The mixed cation single-crystal thin films were grown directly on the hole transporting layer, poly(triaryl amine) (PTAA), in the solvent γ-butyralactone (GBL) using the space-limited inverse temperature crystallization method (see the ESI for experimental details).17,26,27 PTAA serves as a suitable transporting layer compatible with this growth method due to its hydrophobicity, which facilitates the diffusion of perovskite-solvent complexes leading to more favorable growth of the crystal films. Initially, we experimented with different ratios of FA to MA to grow FAxMA1−xPbI3 films, where x = 0.6, 0.8 and 1. For each ratio, we tuned the solution concentration such that crystallization was initiated at 70 °C. As expected for x = 1, crystals in the form of yellow rods emerged, indicating the formation of the non-perovskite phase typical of FA rich compositions. For x = 0.8, yellow rods also appeared along with irregular-shaped black crystals (ESI, Fig. S3). For x = 0.6, only the black perovskite phase was observed in the form of rhomboidal- or hexagonal-shaped crystals similar to that of MAPbI3, resulting in large-area films suitable for device fabrication and characterization. Therefore, FA0.6MA0.4PbI3 was chosen as the composition of choice in this work. X-ray diffraction (XRD) of the films revealed only two peaks corresponding to the (110) and (220) planes of the cubic perovskite structure (ESI, Fig. S4a), indicating that the preferred growth orientation of the single-crystal films was the (110) orientation. The cubic structure can be differentiated from the tetragonal one typical of MA rich compositions by checking the absence of the tetragonal (211) peak at ∼23.5° in the powder XRD pattern of the ground crystal films (ESI, Fig. S4b).17,28 To discern the ratio of FA to MA in the films compared with that in the precursor solution, proton nuclear magnetic resonance (1H-NMR) was conducted (ESI, Fig. S5) and a ratio of 63%[thin space (1/6-em)]:[thin space (1/6-em)]37% of FA+[thin space (1/6-em)]:[thin space (1/6-em)]MA+ was determined from the NMR spectrum (herein denoted as FA0.6MA0.4), close to the initial precursor composition with a very slight shift toward FA. This small shift likely stems from the lower solubility of the FA perovskite in GBL.29

Fig. 2a shows the solubility of FA0.6MA0.4PbI3 and MAPbI3 in GBL as a function of temperature. Compared with MAPbI3, which has a maximum solubility of about 1.7 M at 60 °C, FA0.6MA0.4PbI3 has a maximum of 2.1 M at around 50 °C. The difference in the solubility behavior, particularly at lower temperatures, can be attributed to the ability of FA to solubilize PbI2 more effectively compared with that of MA. This allows us to dissolve more of the perovskite, which ultimately results in a greater precipitation quantity at higher temperatures and larger area films. Moreover, the use of FA enables crystallization to occur at lower temperatures, which has been previously shown to yield devices with better VOC values, especially when involving the volatile cation MA.19 The nucleation temperatures of FA0.6MA0.4PbI3 and MAPbI3 are around 70 °C and 100 °C for solution concentrations of 1.9 M and 1.55 M, respectively. The temperature is then further increased to promote growth of the single-crystal films.

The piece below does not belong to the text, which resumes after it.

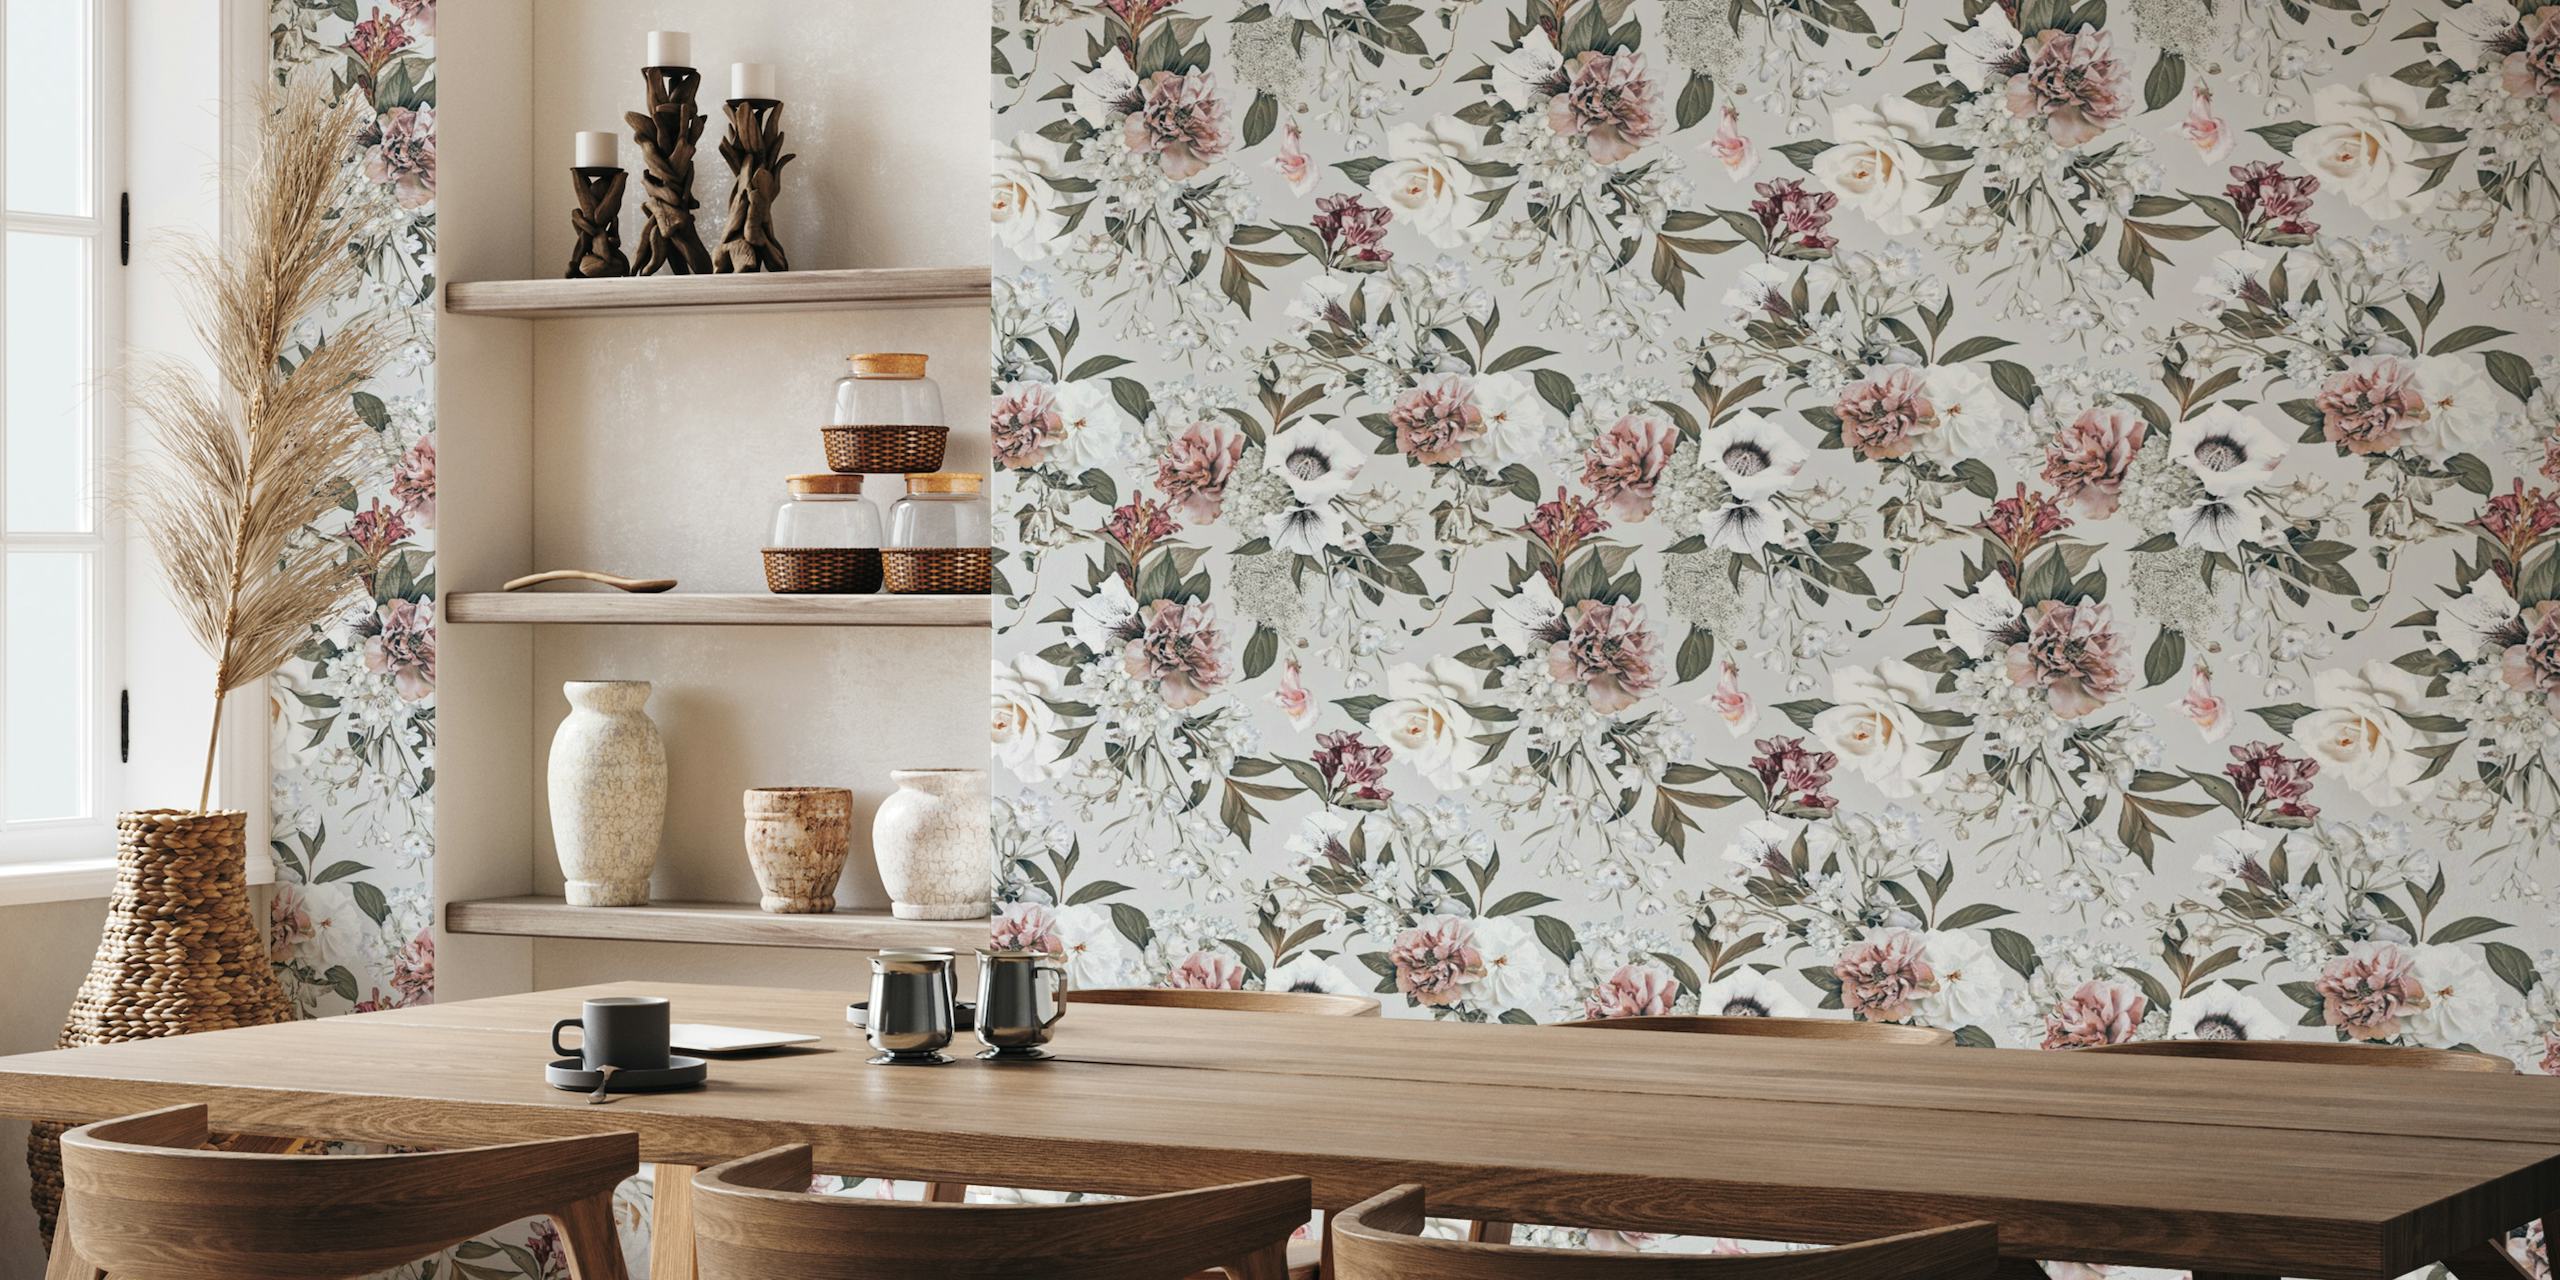 Vintage-inspired floral wall mural with roses and peonies in soft hues

image file: d0ee03839c-f2.tif
Fig. 2 (a) Temperature-dependent solubility of FA0.6MA0.4PbI3 and MAPbI3 in GBL. The horizontal dashed lines represent the starting concentration of the precursor solution. (b) Device architecture of the single-crystal device. (c) Cross-sectional SEM image of the single-crystal cell. Note that the few nanometer-thick transporting layers are not visible at such magnifications. (d) EQE spectra and (e) JV curve comparison between single-crystal MAPbI3 and FA0.6MA0.4PbI3 devices. All measurements were conducted under 1-sun illumination.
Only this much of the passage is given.